_WORKING DATA_
= Beginning of Section =

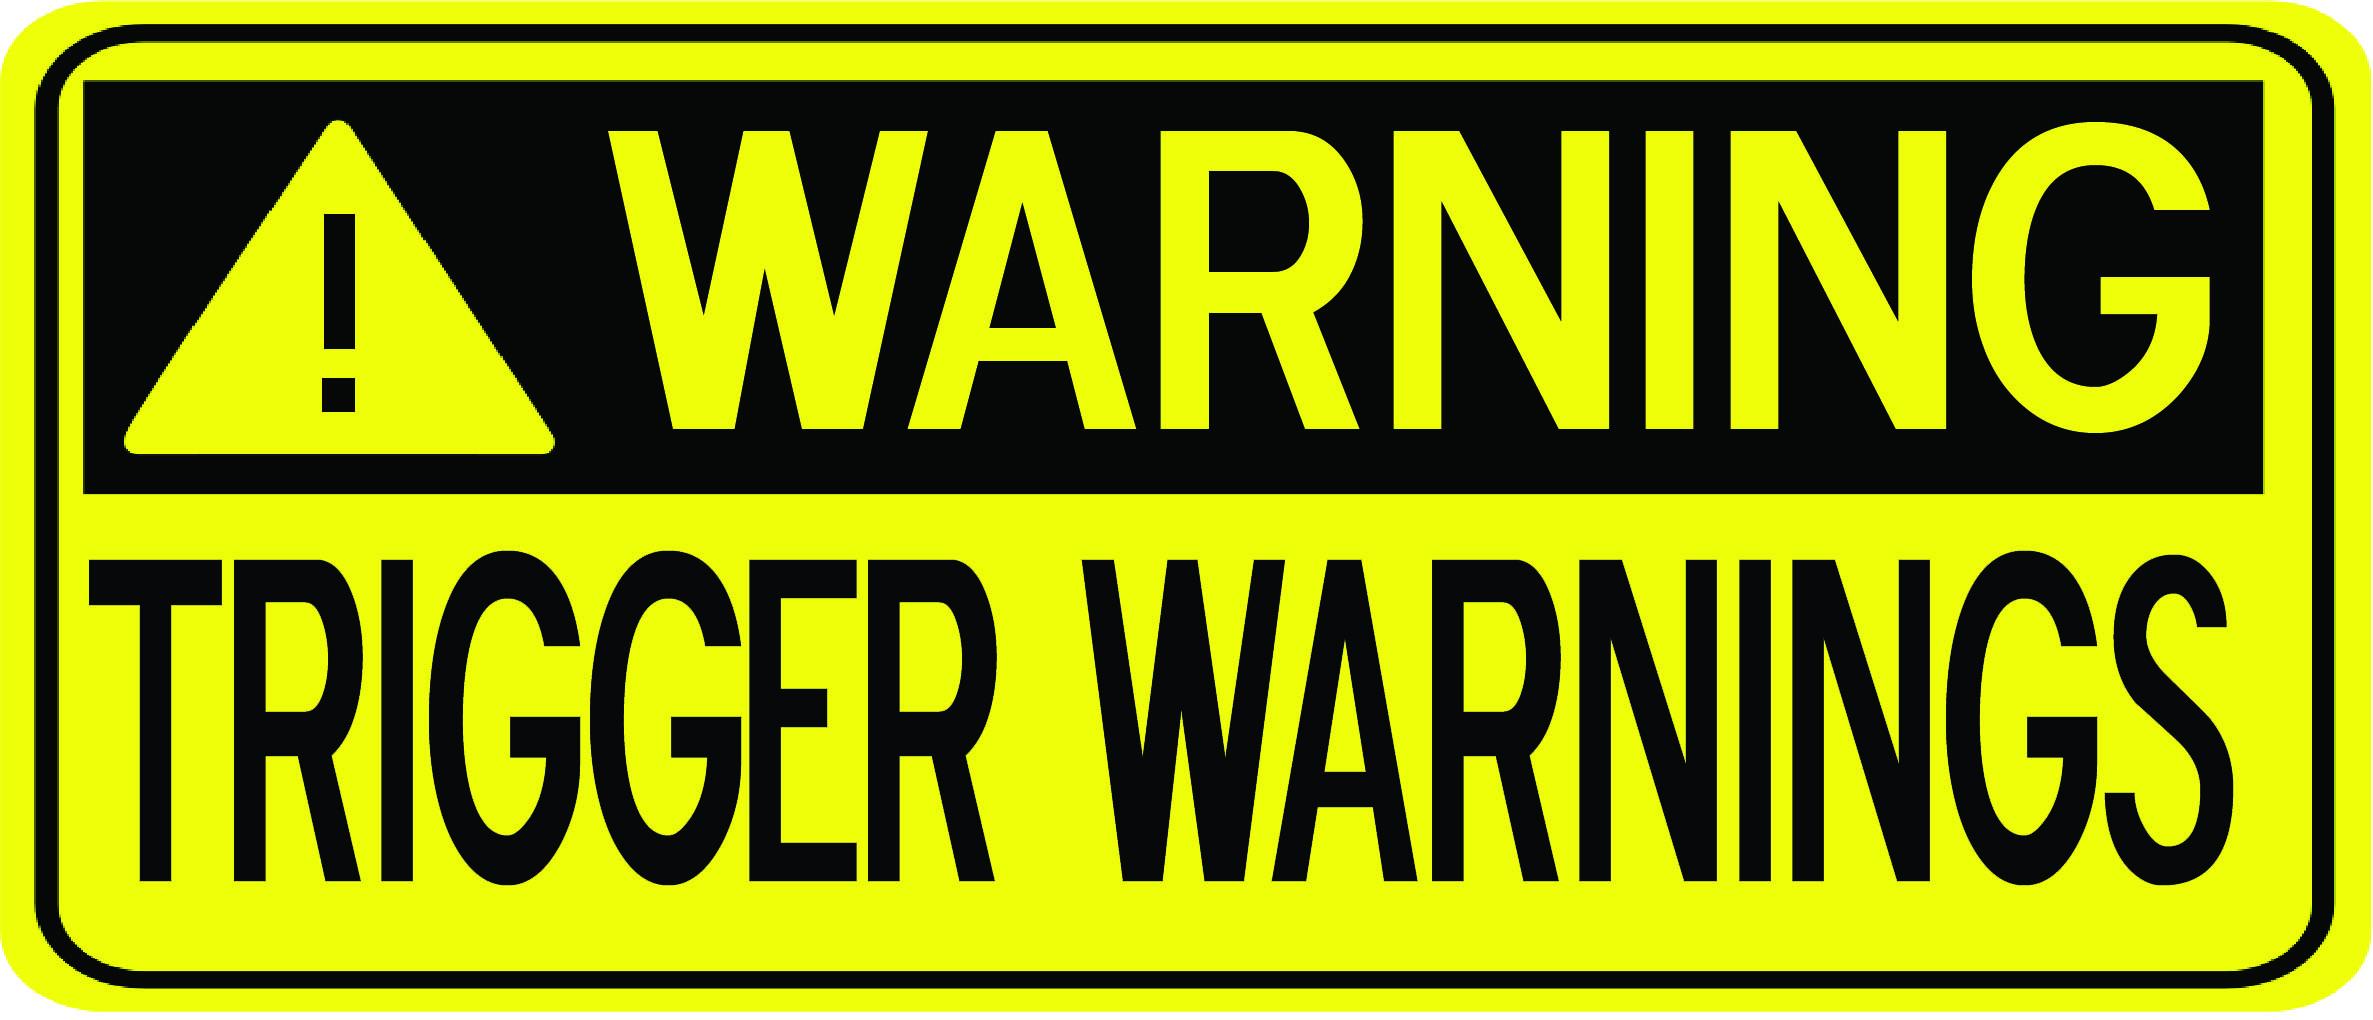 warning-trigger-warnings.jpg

= End of Section =
= Beginning of Section =

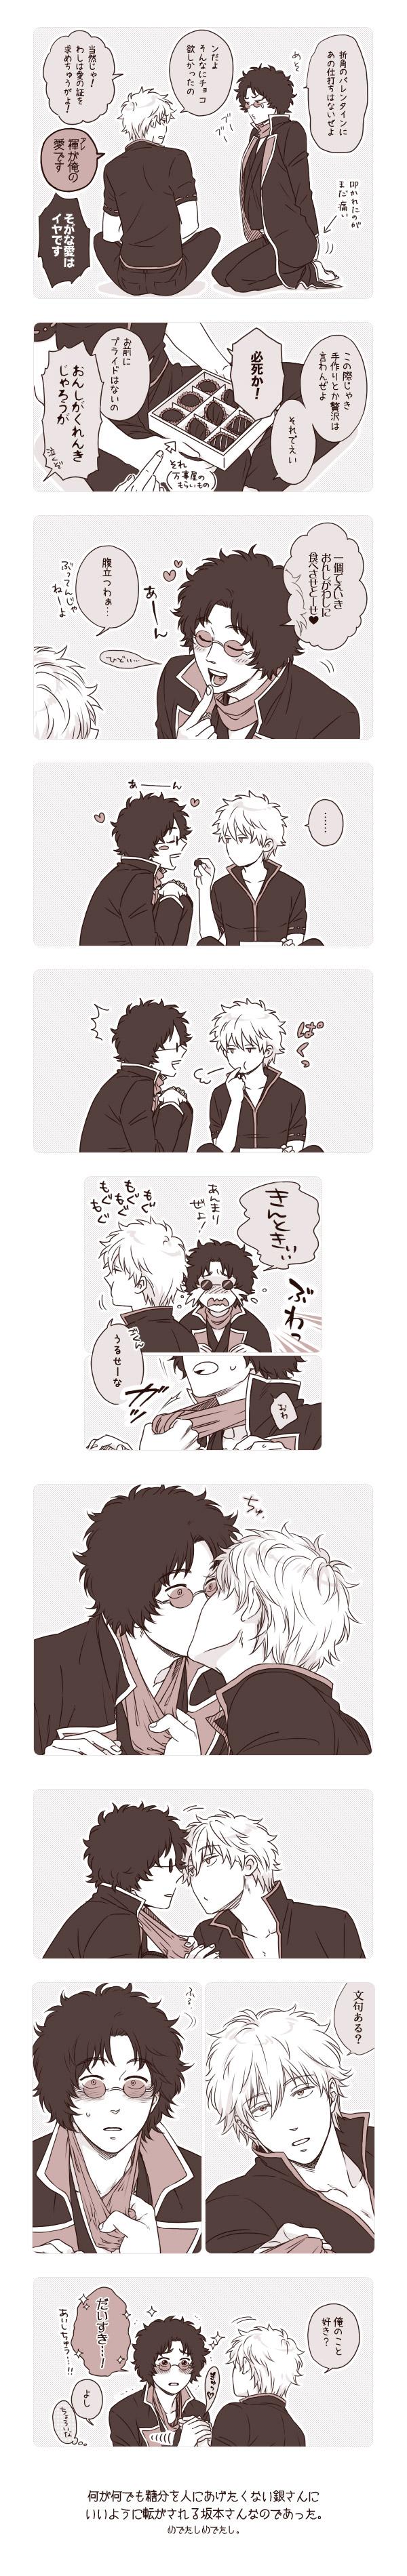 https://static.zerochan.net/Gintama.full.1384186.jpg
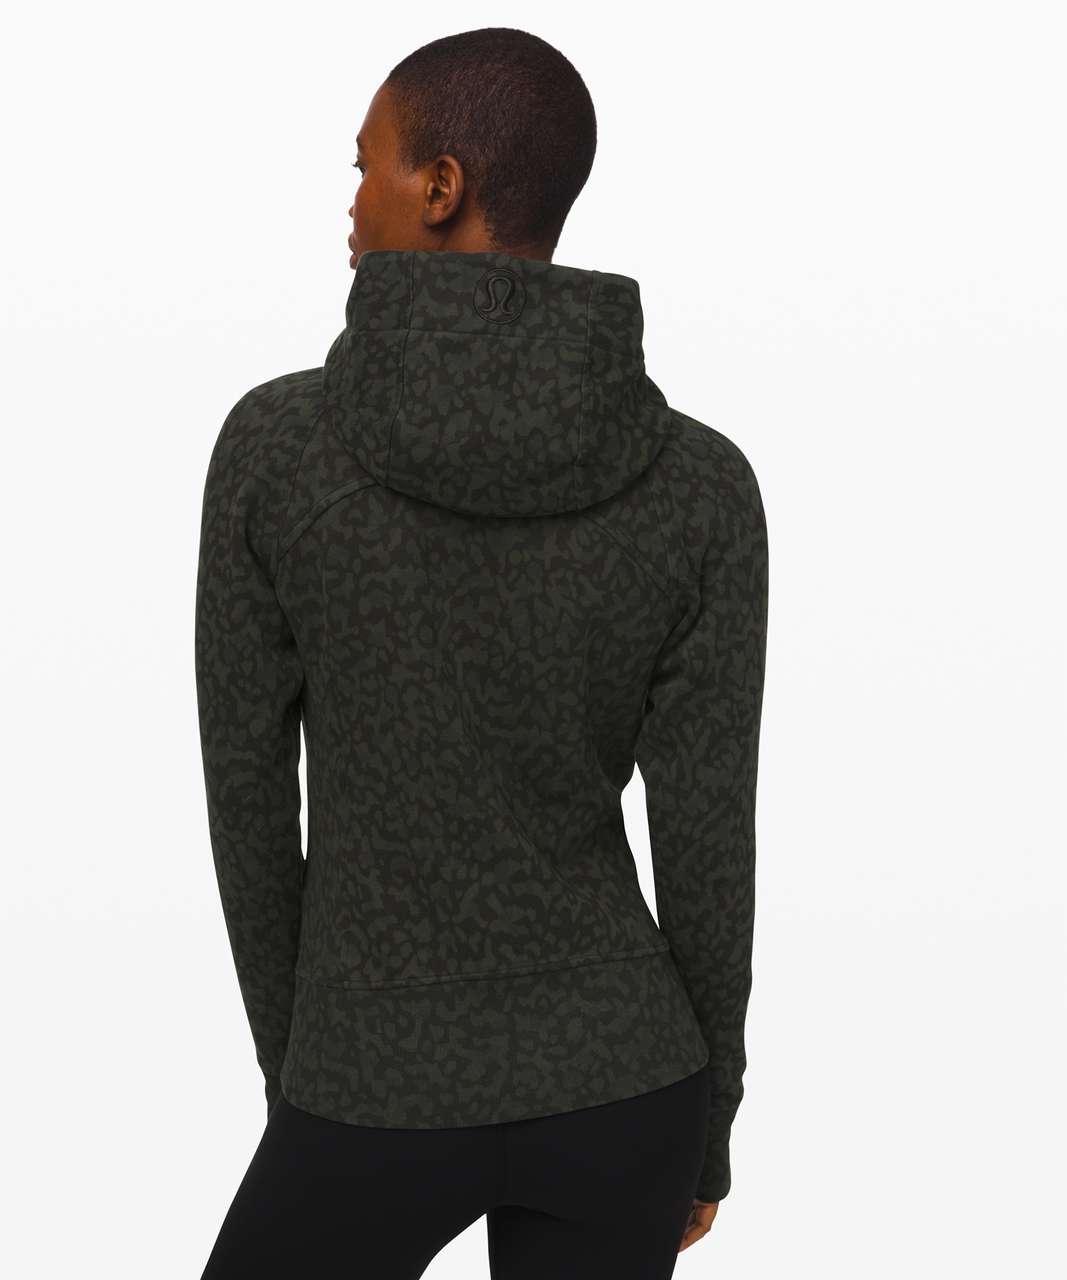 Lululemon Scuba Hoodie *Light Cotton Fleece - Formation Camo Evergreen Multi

= End of Section =

Of all the material above, only the lines from the one that has "https://static.zerochan.net/Gintama.full.1384186.jpg" down to the one that has "Lululemon Scuba Hoodie" are to be written out, exactly and with both ends included. Pictures are skipped.

_EXERCISE SOLUTION_
 https://static.zerochan.net/Gintama.full.1384186.jpg
 Lululemon Scuba Hoodie *Light Cotton Fleece - Formation Camo Evergreen Multi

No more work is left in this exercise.